It seemed at first that the rain – which had fallen softly throughout the afternoon, but threatened to pick up steam by mid-evening – might keep the crowd away.
But, as the 7 o’clock hour neared, neighbors began to stream into Garvey Park through the entrances on Neponset Avenue. They came in clusters and sometimes in larger packs with hoods and ball caps and scallys to shield against the elements. Some clutched the Stars and Stripes, which they then unfurled while bracing against the wind blowing in from Dorchester Bay.
For most of those who assembled Tuesday evening it was something of a reunion: A larger group flocked here on April 16 of last year for a similar vigil  organized to show support for the Richard family – already well-known and respected here before the unfathomable Patriot’s Day horror that made them household names.
Joe Conway, owner of Savin Scoop on Savin Hill Avenue, was one of them. He was carrying the same large American flag that he’d brought here last year. “This is Dorchester,” he said. “I had to be here.”

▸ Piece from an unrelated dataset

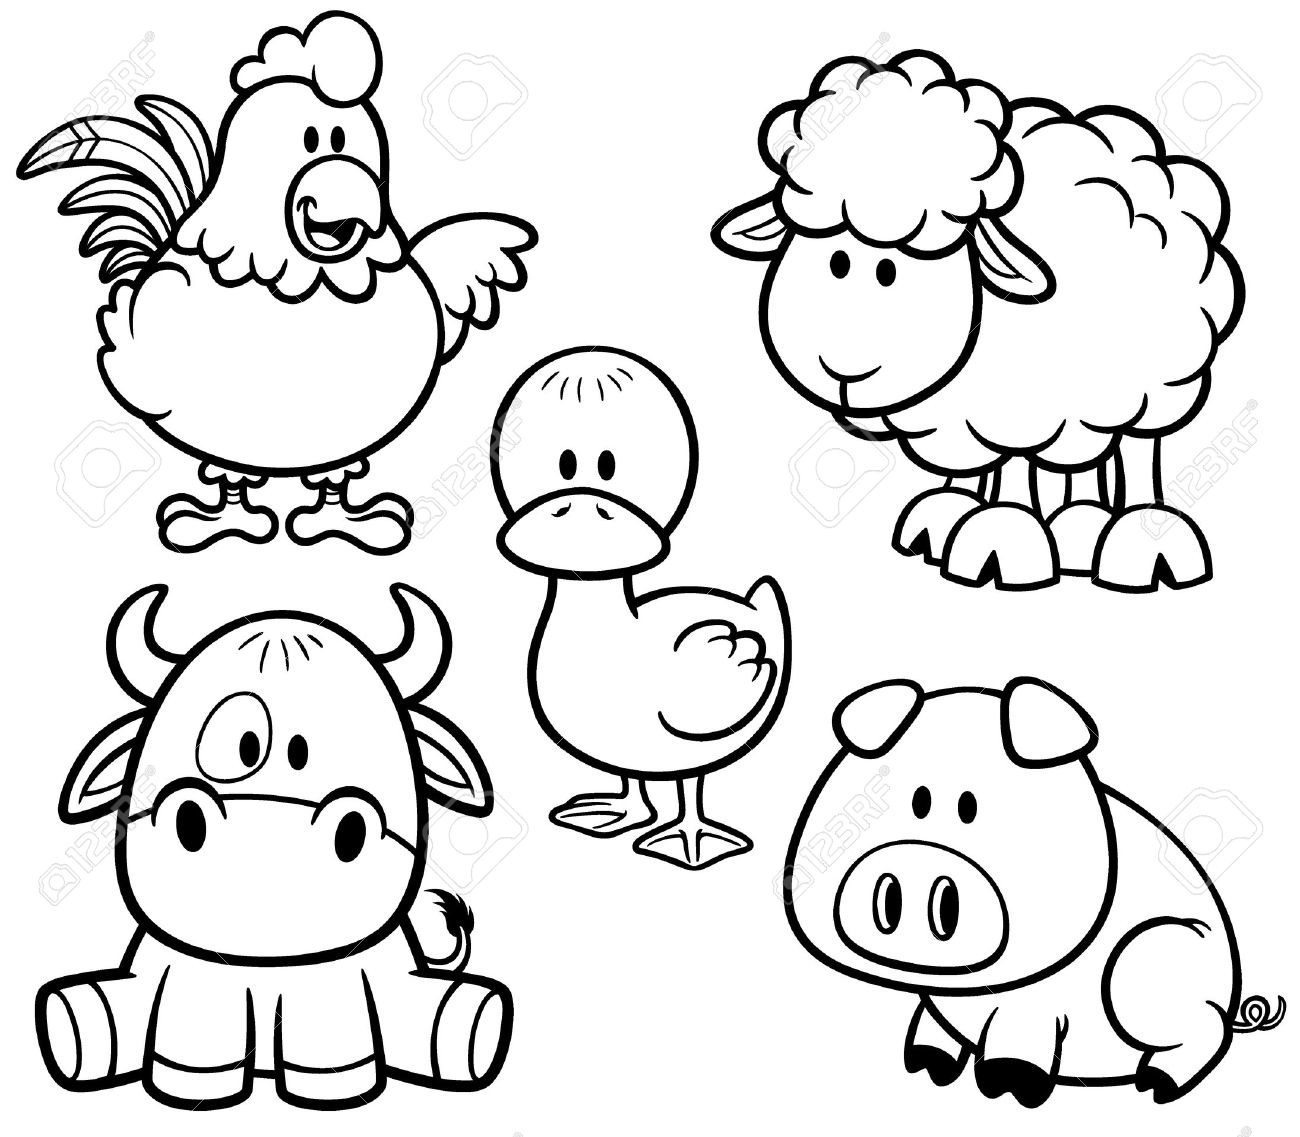 Baby Farm Animal Coloring Pages
 Cute Baby Farm Animal Coloring Pages Best Coloring Pages

By the assigned hour, at least 1,500 had gathered on the muddy grass facing the Devine Rink. City Hall workers, dispatched by the Mayor’s office, hastily assembled a platform as the crowd swelled.

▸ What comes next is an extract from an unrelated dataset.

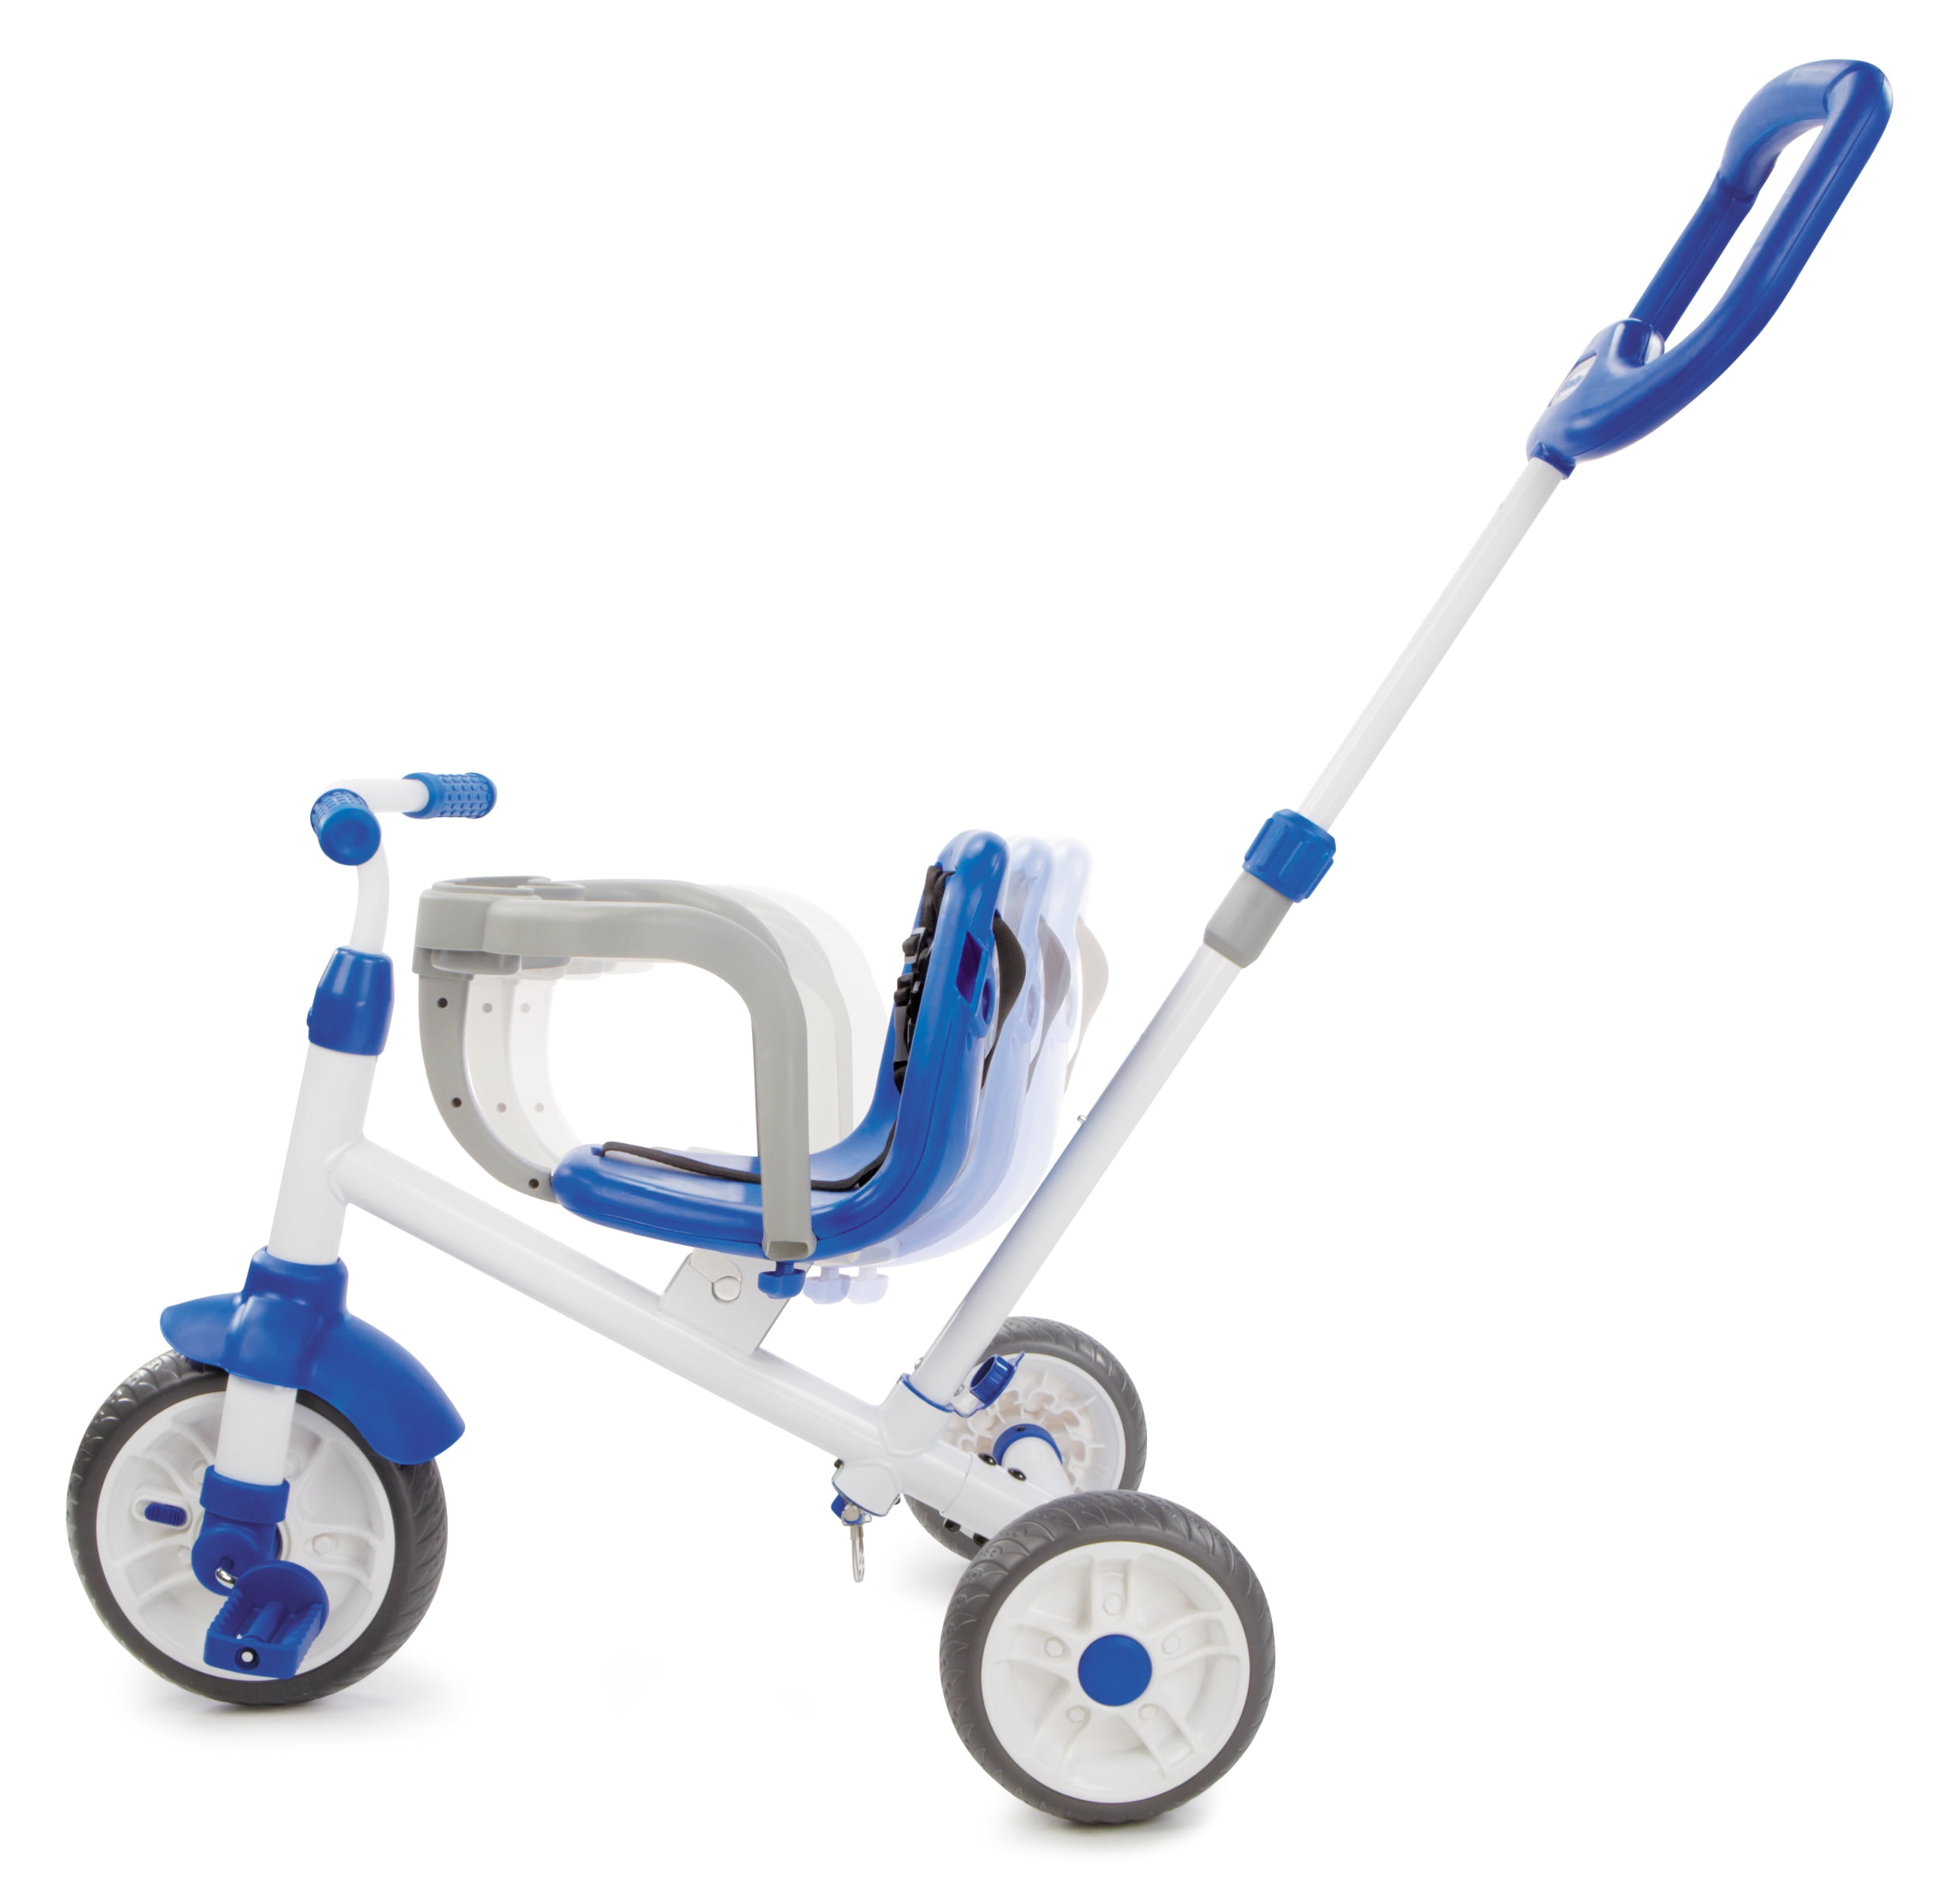 Little Tikes Ride 'N Learn 3-in-1 Trike in Blue, Convertible Tricycle for  Toddlers with 3 Stages of Growth - For Kids Boys Girls 9 Months to 3 Years  Old

Mayor Walsh, who arrived just as the stage was assembled, stood off on the edge of the crowd in his raincoat. He greeted constituents and friends warmly, but hoped to avoid taking the stage. He had made one speech already on this day  and it was enough. This was not an event that called for a speech from the mayor or any other politician. The televised memorial service at the Hynes Convention Center had already filled our ears with rhetoric — some of which soared and some that gently salved wounds still raw.
Garvey’s gathering offered neither the time nor the place for speeches.
Bagpipes, played by volunteers recruited on Facebook and by the blogger Dot Rat , took the stage first and, without introduction, played Amazing Grace and a few other appropriate tunes. A member of the Walsh administration, Francisco Urena, the commissioner of Veterans Services, moved through the crowd, passing out small American flags.
Then Fr. Sean Connor, the former pastor of St. Ann’s Church, took the microphone. He persuaded the mayor to join him on the platform, although Walsh demurred when invited to speak. He was there as a neighbor, not as the mayor.
Connor had just left the Richard family. After a long day that began well before 7 a.m. – and included an emotionally grueling series of events – the family had retired to their home for the evening, he said. They wanted to be there at Garvey Park, Connor said, but the day had taken its toll.
The priest, per usual, injected levity into his brief remarks— needling his former parishioners for what he’d heard was the absenteeism at Mass since his departure last summer — when he’d been “run out of town.” All joking aside, he said: “All I want to say to you is to echo what you’ve heard here— we are very blessed to have our roots here.”
Connor then led the crowd in a recitation of the Lord’s Prayer. With that, the “formal” program ended. As the dignitaries dispersed, the kids in the crowd, many of them classmates or teammates of Martin, Jane, and Henry, broke out into an impromptu singing of “God Bless America.”